▶ [WHAT THE TASK REQUIRES] An exact copy is all that is wanted: the lines from the one with "Lovely petite natural" through the end of the listing below, both included, minus any pictures.

▶ [GIVEN MATERIAL]
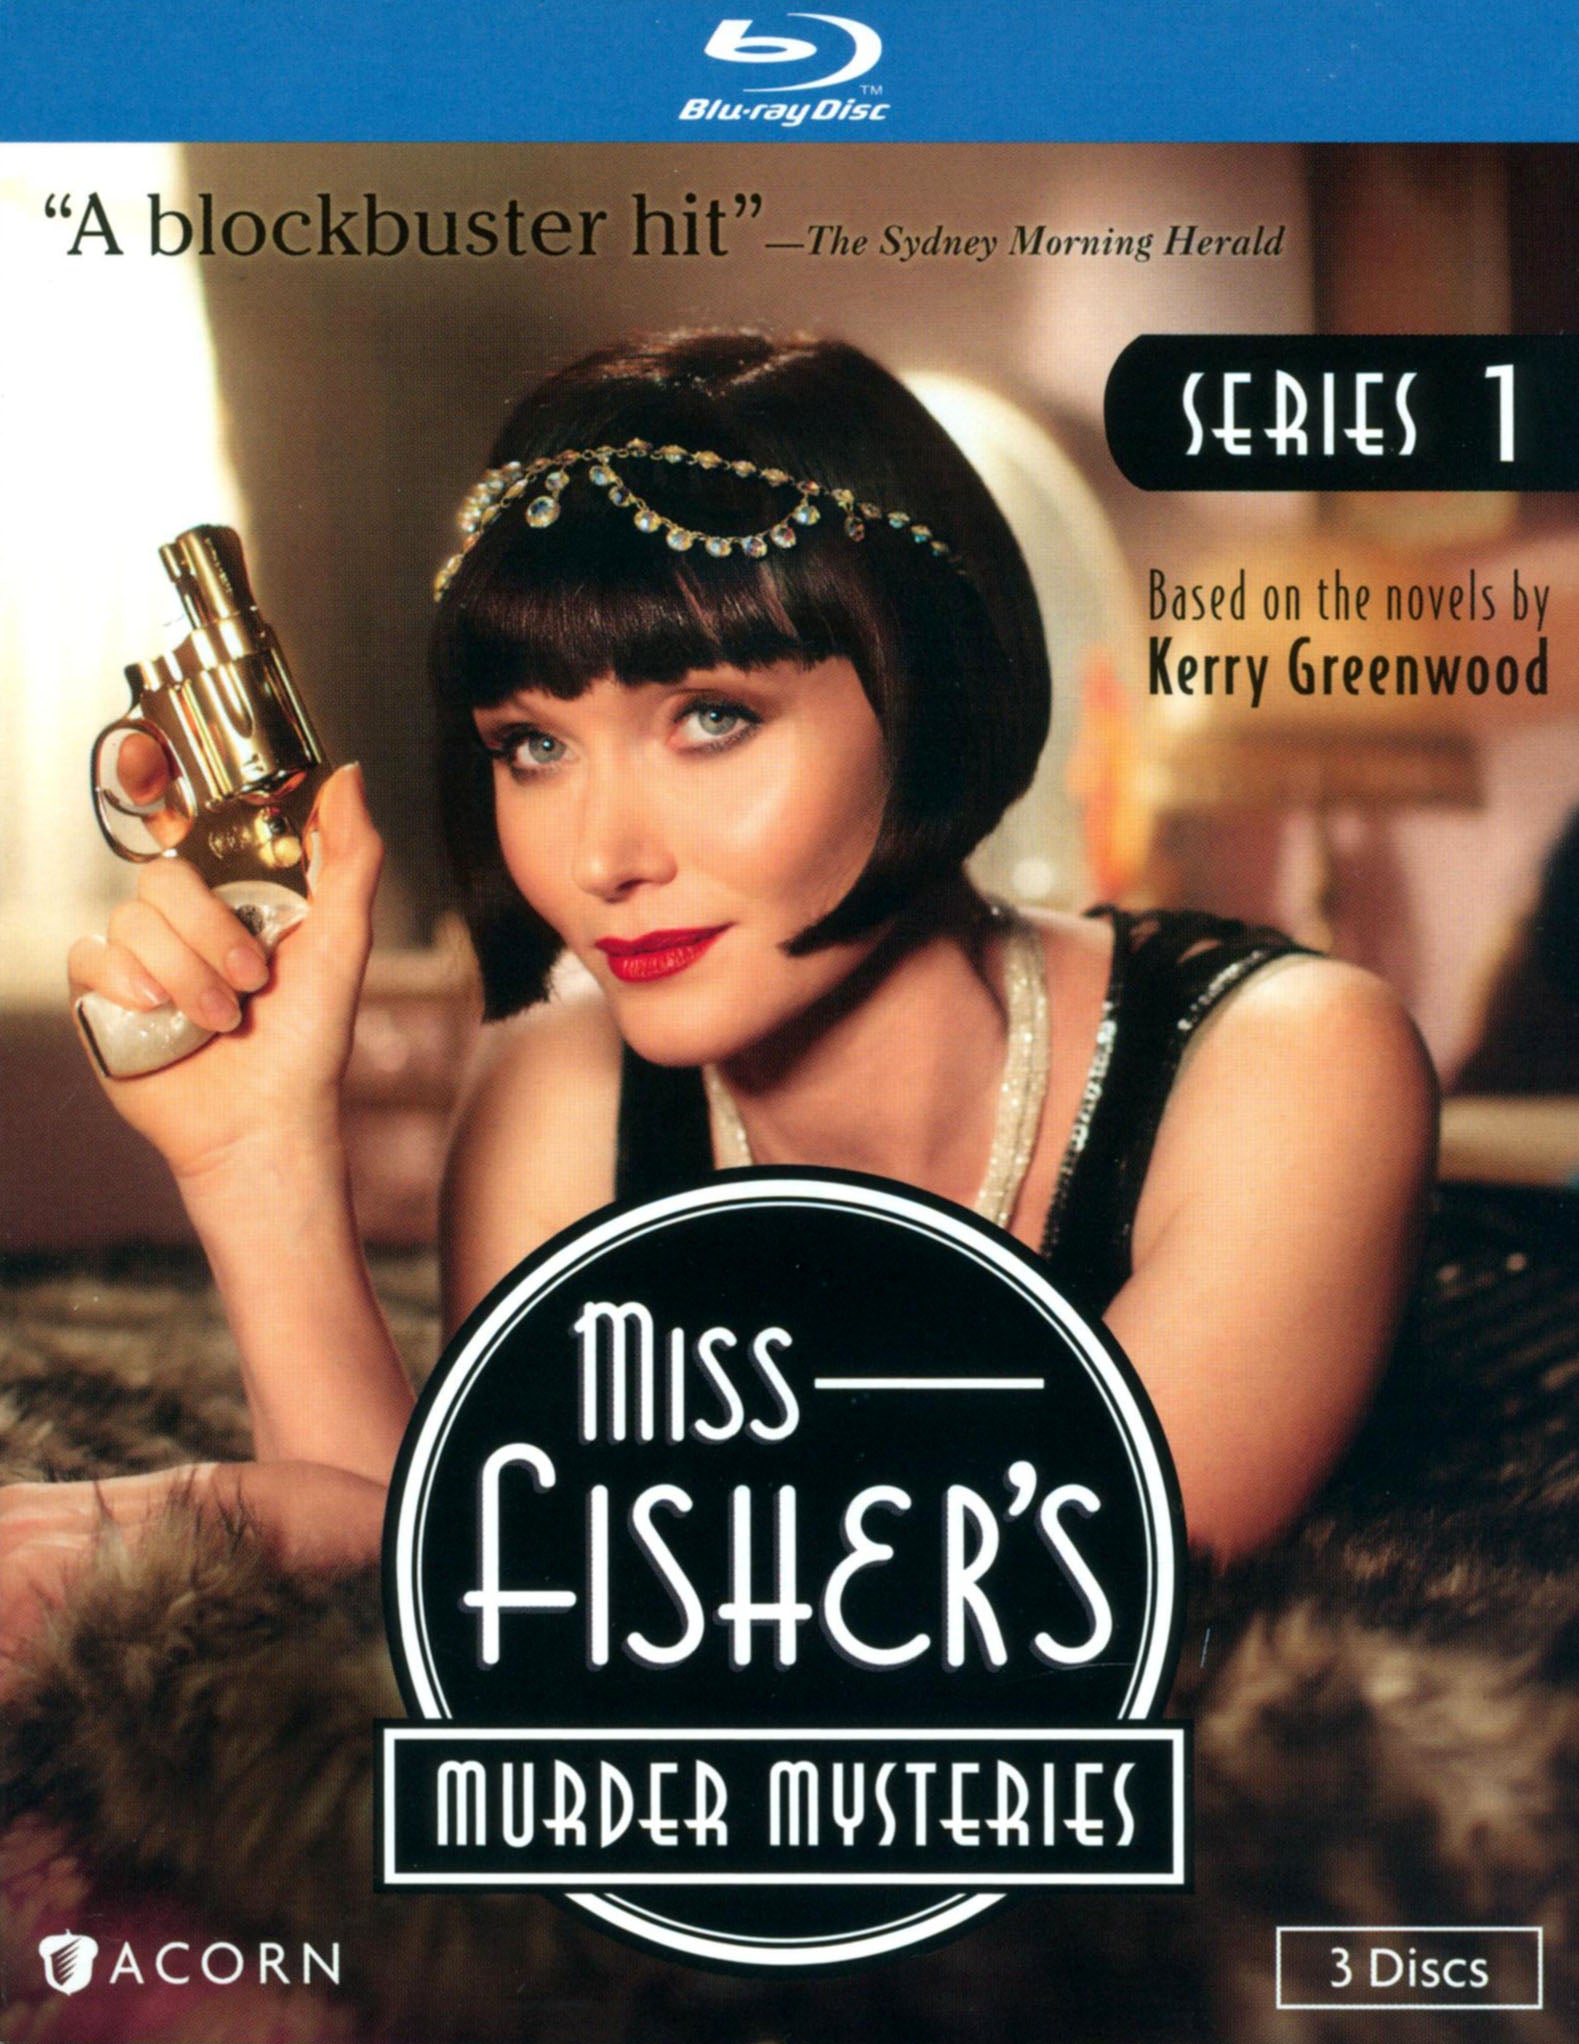 Miss Fisher's Murder Mysteries: Series 1 [3 Discs] [Blu-ray] cover art
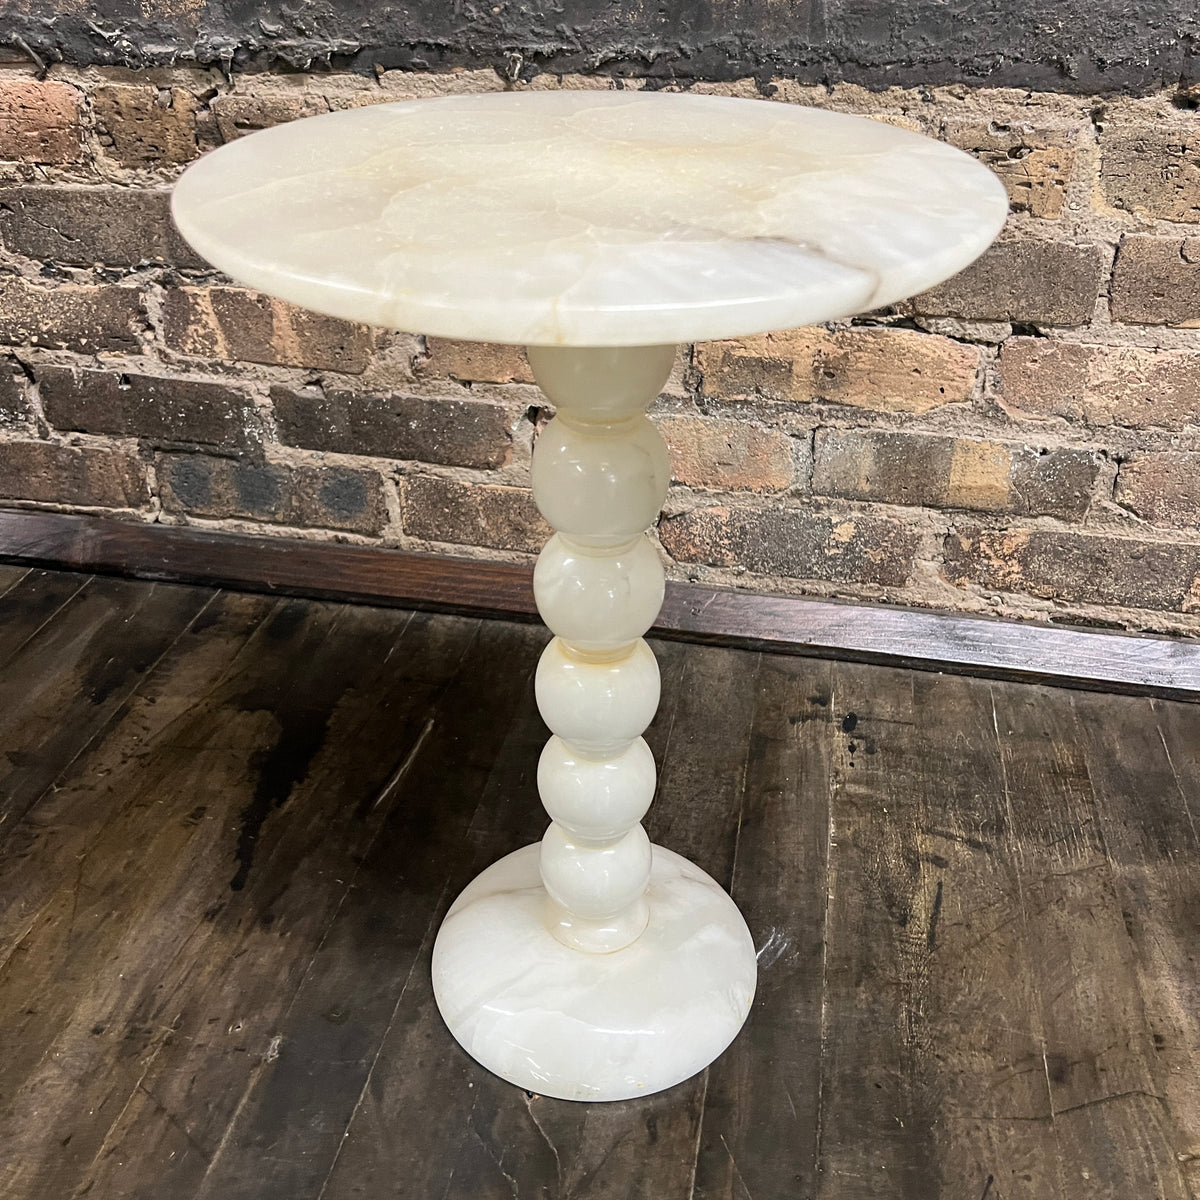 Lovely petite natural stone mid-century cocktail or drinks table.  It has a round base and a bobbin style support with a round table top.   It is primarily off-white with gray and some gold.  It is lovely.  No chips.  11.75" diameter.  Studio Sonja Milan, Chicago, IL Mid-century modern Furniture Chicago
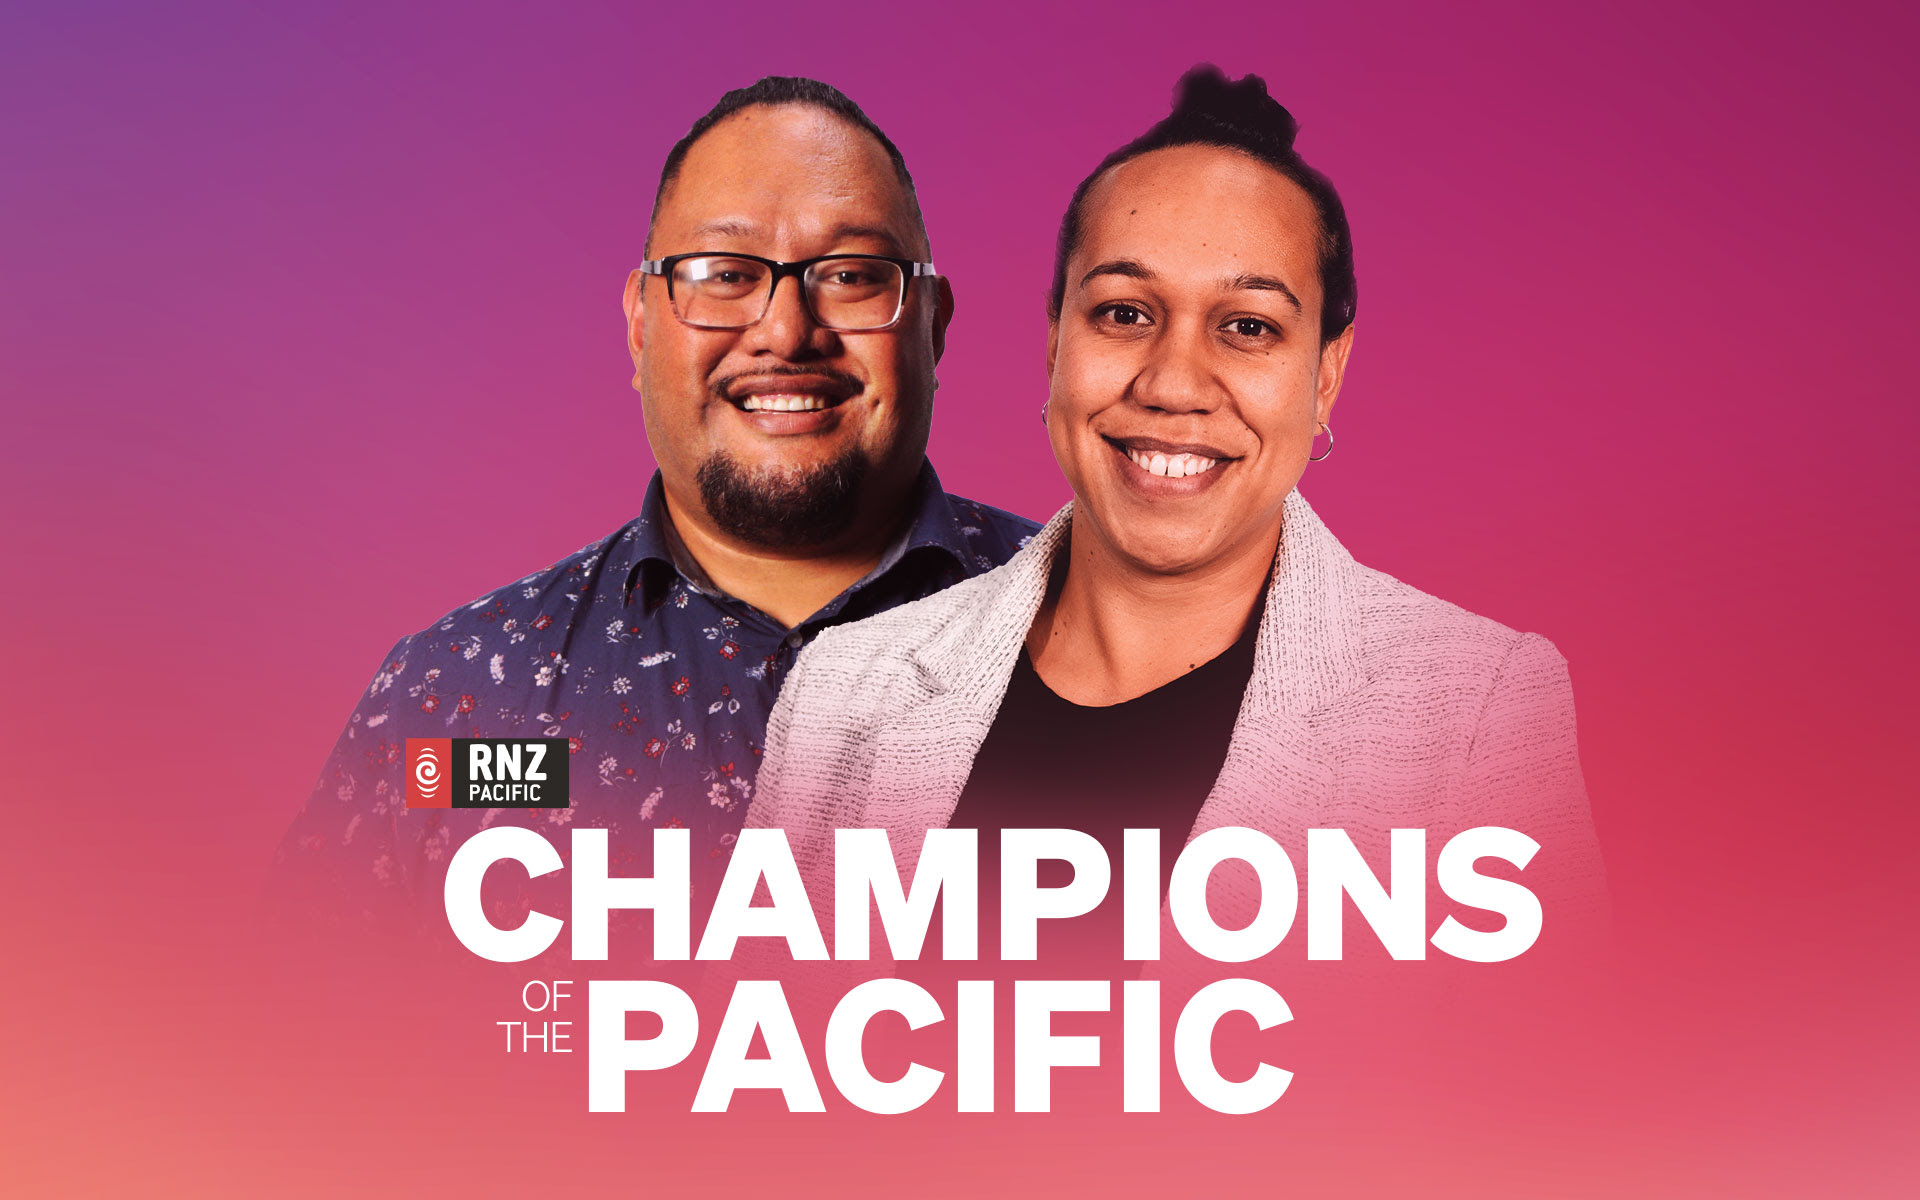 Koro Vaka'uta and Talei Anderson to host new RNZ Pacific sports show, 'Champions of the Pacific'

▶ [TASK RESULT]
 Lovely petite natural stone mid-century cocktail or drinks table.  It has a round base and a bobbin style support with a round table top.   It is primarily off-white with gray and some gold.  It is lovely.  No chips.  11.75" diameter.  Studio Sonja Milan, Chicago, IL Mid-century modern Furniture Chicago
 Koro Vaka'uta and Talei Anderson to host new RNZ Pacific sports show, 'Champions of the Pacific'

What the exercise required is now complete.